The Labor leaders have been able to give those answers simply because we have been. unable as yet to organize the mass pressure from below that will compel them to change their line.

In the recent period the Labor Party leaders have used a further argument against the united front in what they describe as the “splitting tactics.” of the Communist Party in the elections. The experience of the development of the united front over recent months has shown that it is necessary that we work out a clear line of united front tactics, both in relation to the municipal elections is November and March, and in the preparations for the general elections. Such a line will not mean the abandonment of our policy of “class against class” or the with drawing of the independent role of the Party. On the contrary, we must discuss a line which will strengthen the policy of class against class and bring the Party forward as a real political force in the country. Therefore, we are now proposing an extension of united front tactics in the immediate municipal elections to take place.

It may be stated that what is proposed is a revision of the Ninth Plenum on the British question, so far as our electoral tactics are concerned, but if we read the Ninth Plenum resolution, we will find that we never made a serious attempt to operate the exceptionally important clause in the resolution in regard to united front tactics in elections. For example, in the Ninth Plenum resolution on Britain; it states:

“In some districts, active support to Laborites, who pledge themselves to work for the elementary demands of the working class, and for accepting the Communist Party into the Labor Party, is admissible.

“Voting for Labor Party candidates in the remaining districts must be definitely decided upon only after all possible preliminary work has been done in the matter of putting up our own and Left worker candidates.”

We are proposing nothing today that means a rejection of the decisions of the Ninth Plenum, and if we look back over the period since the Ninth Plenum was held, I cannot remember a single election campaign where we really made a serious attempt to develop united front tactics, either with the Labor Party or the I.L.P. in the elections.

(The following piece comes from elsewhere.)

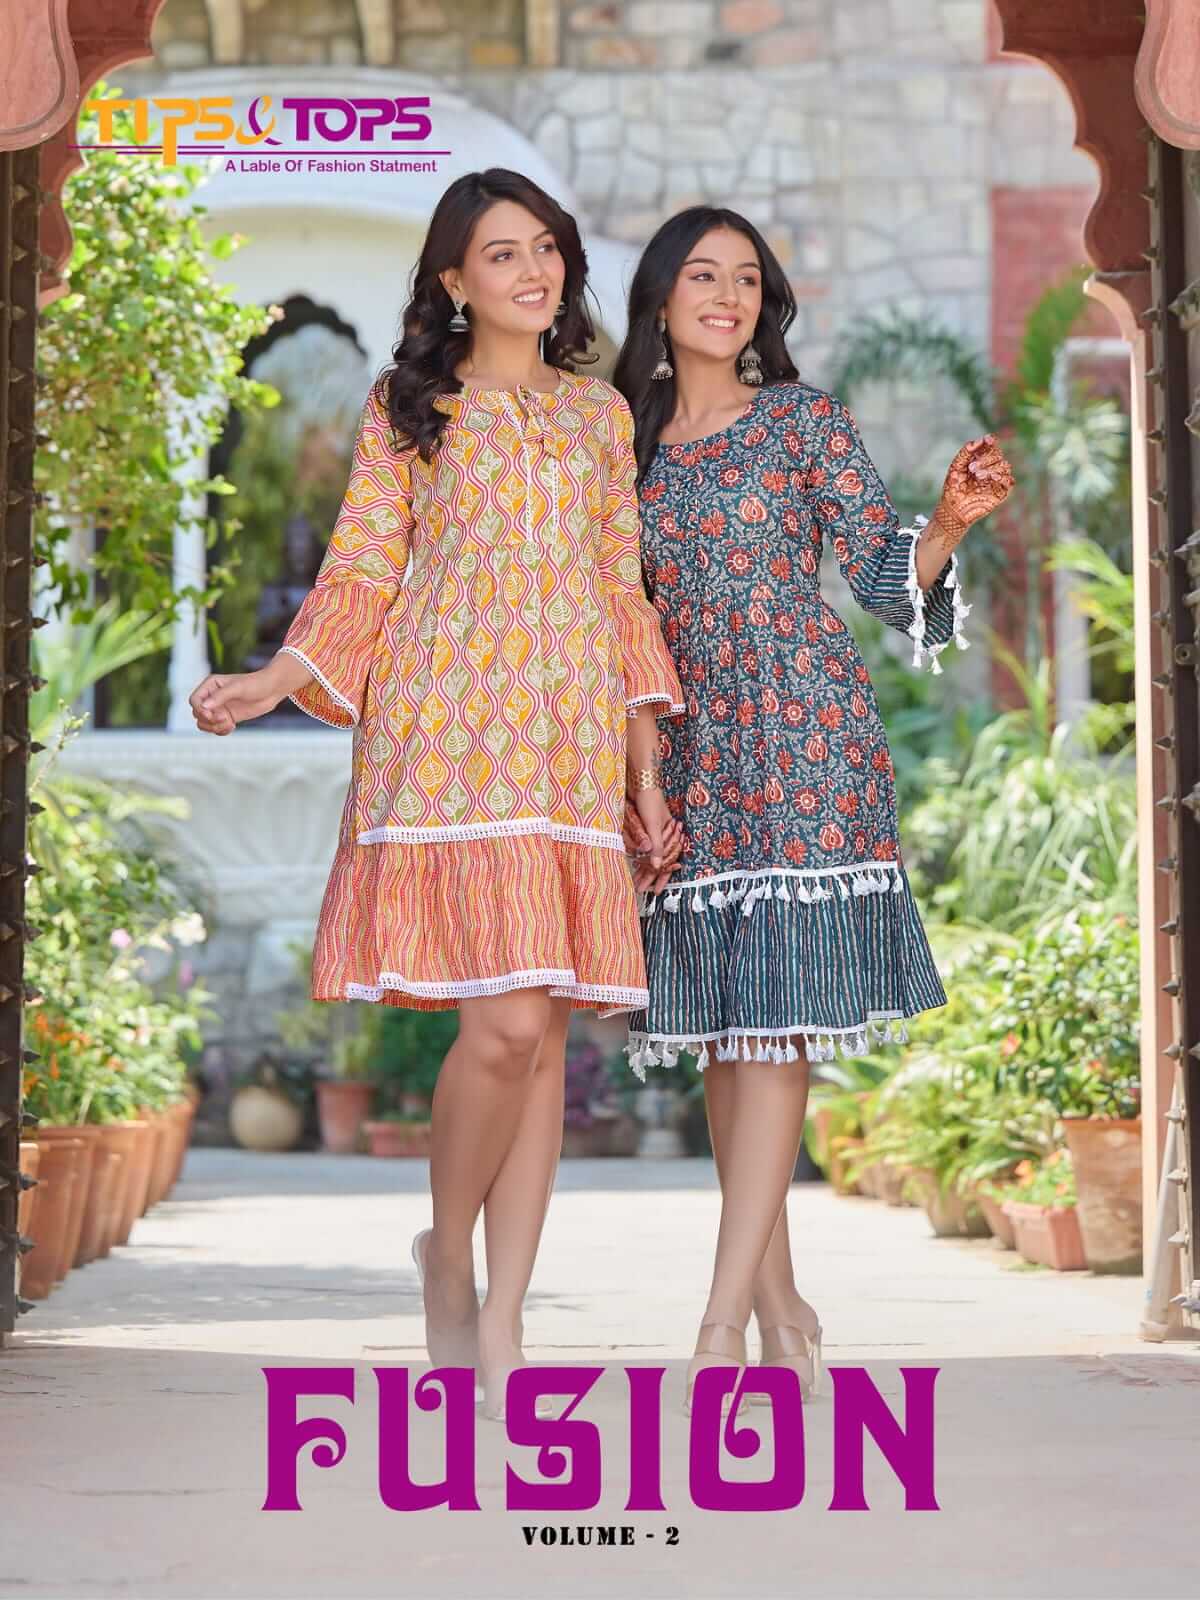 Tips And Tops Fusion Vol 2 One Piece Dress Catalog collection 7

And yet we are bound to take note of the fact that one of the biggest barriers to our getting into closer contact with the reformist workers is the fact that they deeply resent what they call “splitting the vote” in the elections. This resentment has become stronger since the German and Austrian events. At the present time, in connection with the forthcoming elections, it is naturally stronger in the districts where there is a Labor majority in the Councils and we have to work out a line which takes this card out of the hands of the Labor leaders. The Labor leaders, in the speeches they make, the conferences they organize, when they meet with opposition because of their refusal to take part in, the united front, declare that the Communist Party is “splitting” the vote. Despite the fact that we can show with truth in many examples that not the Communists, but the Labor leaders have split the working class, have disrupted the ranks, and now are preventing the united front by their policy, nevertheless we are confident that we can work out a line which will take that card out of their hands. This will lead to further unity of the masses in the struggle against the National Government and the fascists and will, strengthen the Communist Party and bring us nearer to the masses.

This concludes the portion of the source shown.